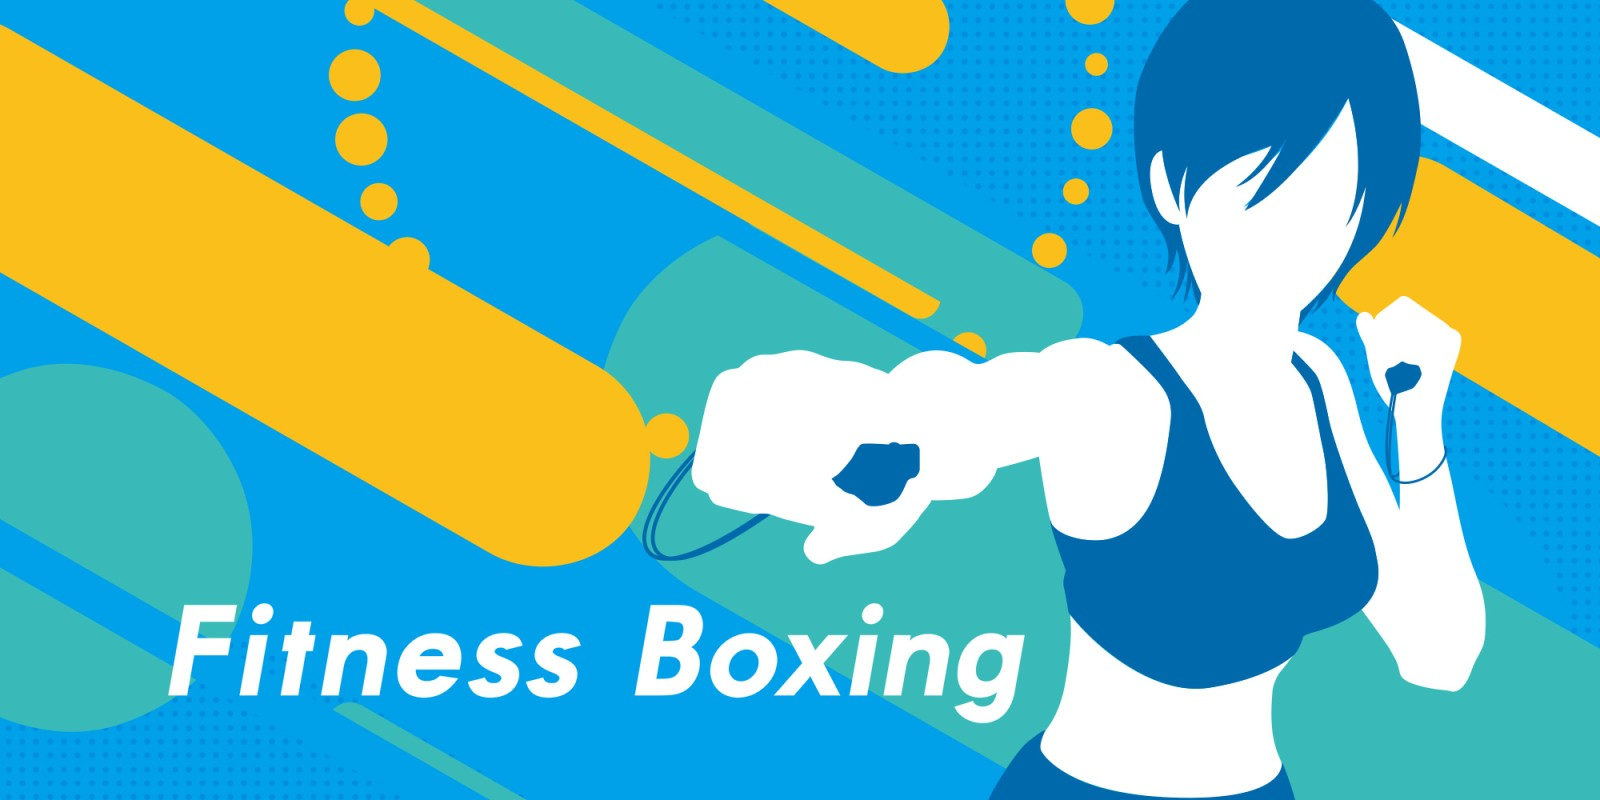 Fitness Boxing logo
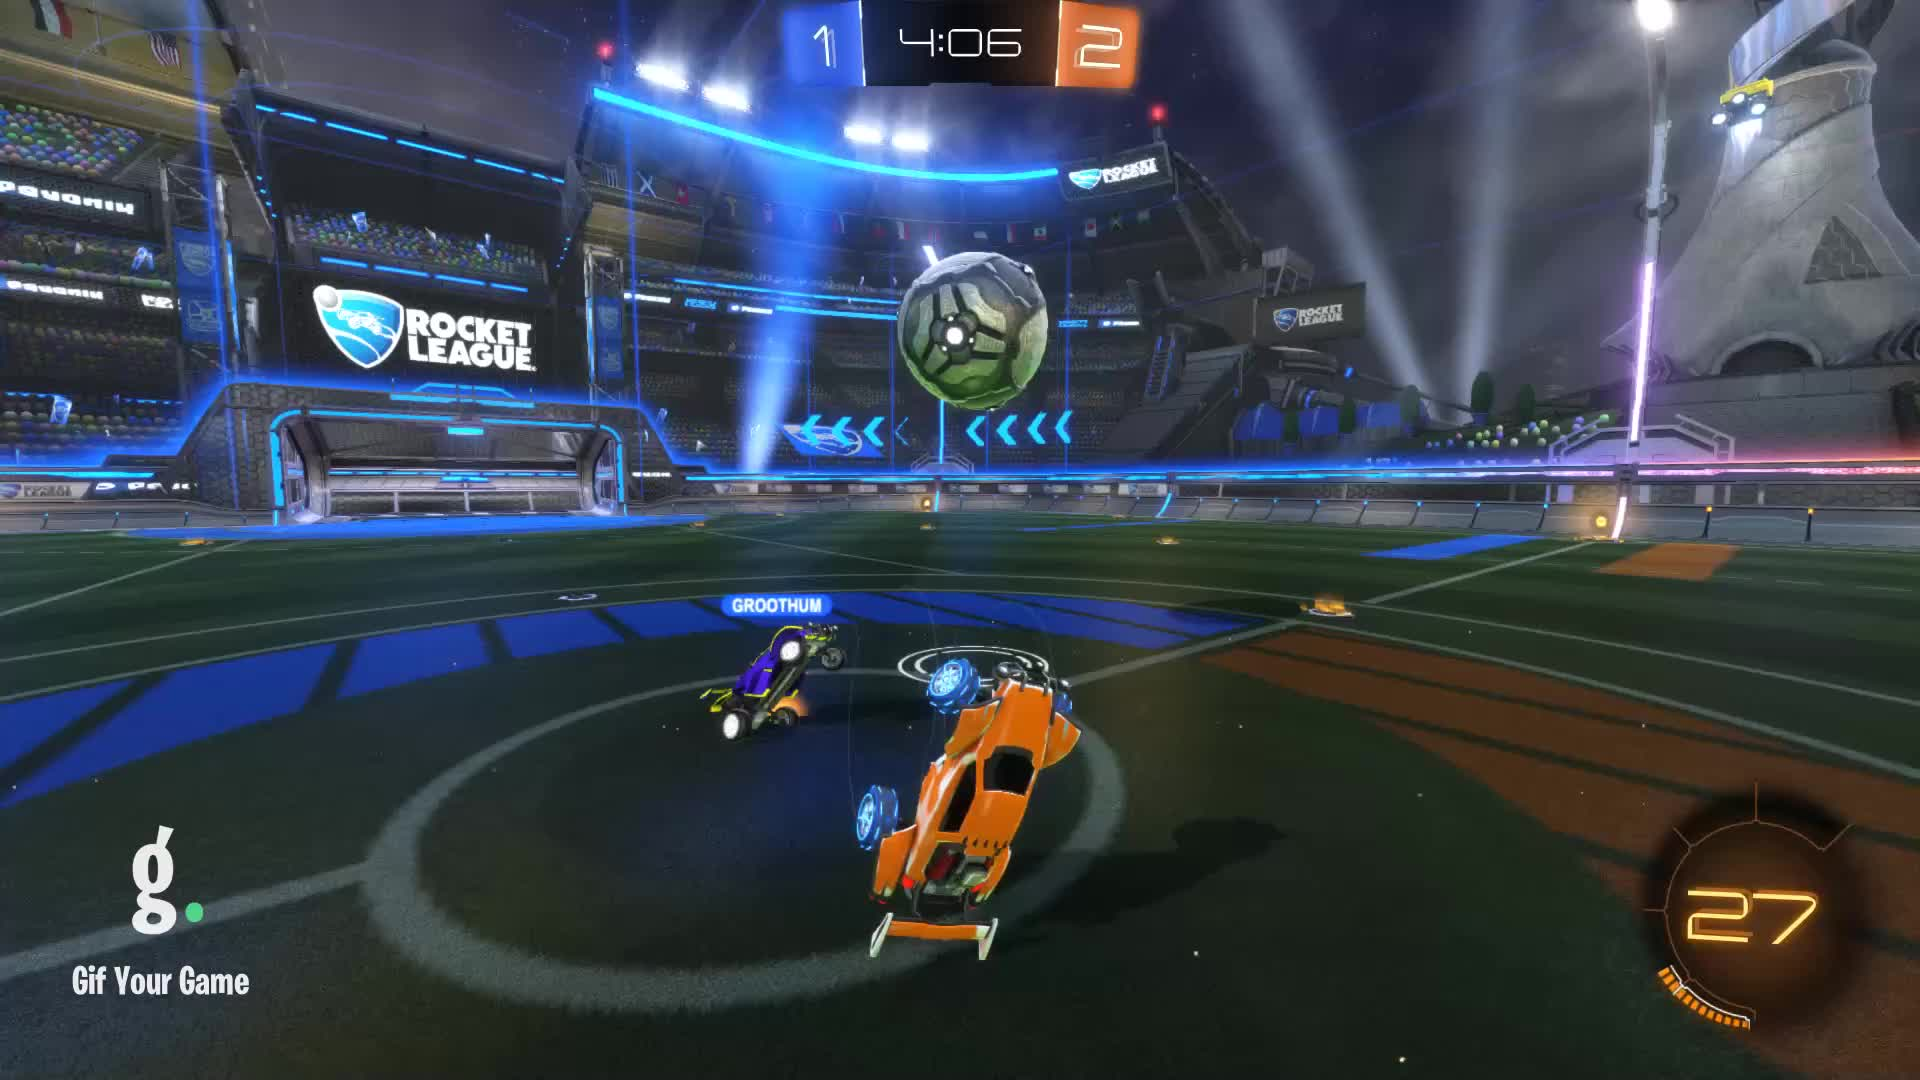 Gif Your Game, GifYourGame, Goal, Not soussouni1, Rocket League, RocketLeague, Goal 4: Not soussouni1 GIFs
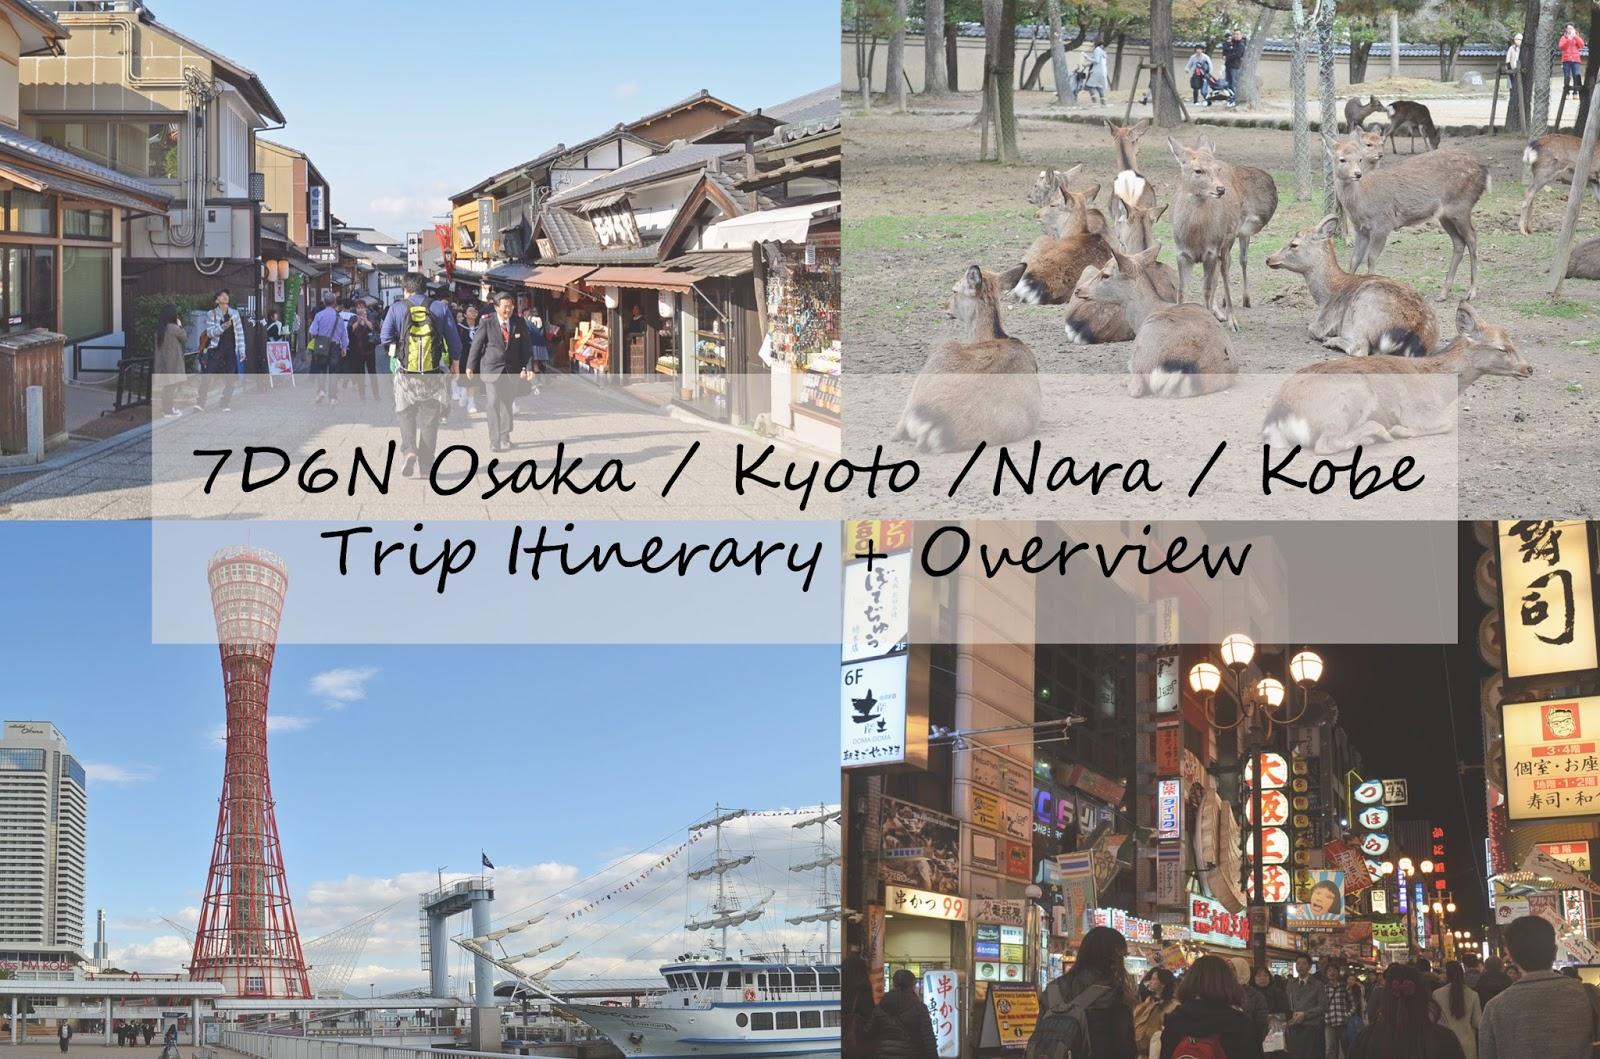 japan 2016 7d6n osaka kyoto nara kobe trip itinerary

◆ Required work:
Please write out all of the data verbatim, with no pictures in the copy.

◆ Solution for this problem:
 Fitness Boxing logo
 Gif Your Game, GifYourGame, Goal, Not soussouni1, Rocket League, RocketLeague, Goal 4: Not soussouni1 GIFs
 japan 2016 7d6n osaka kyoto nara kobe trip itinerary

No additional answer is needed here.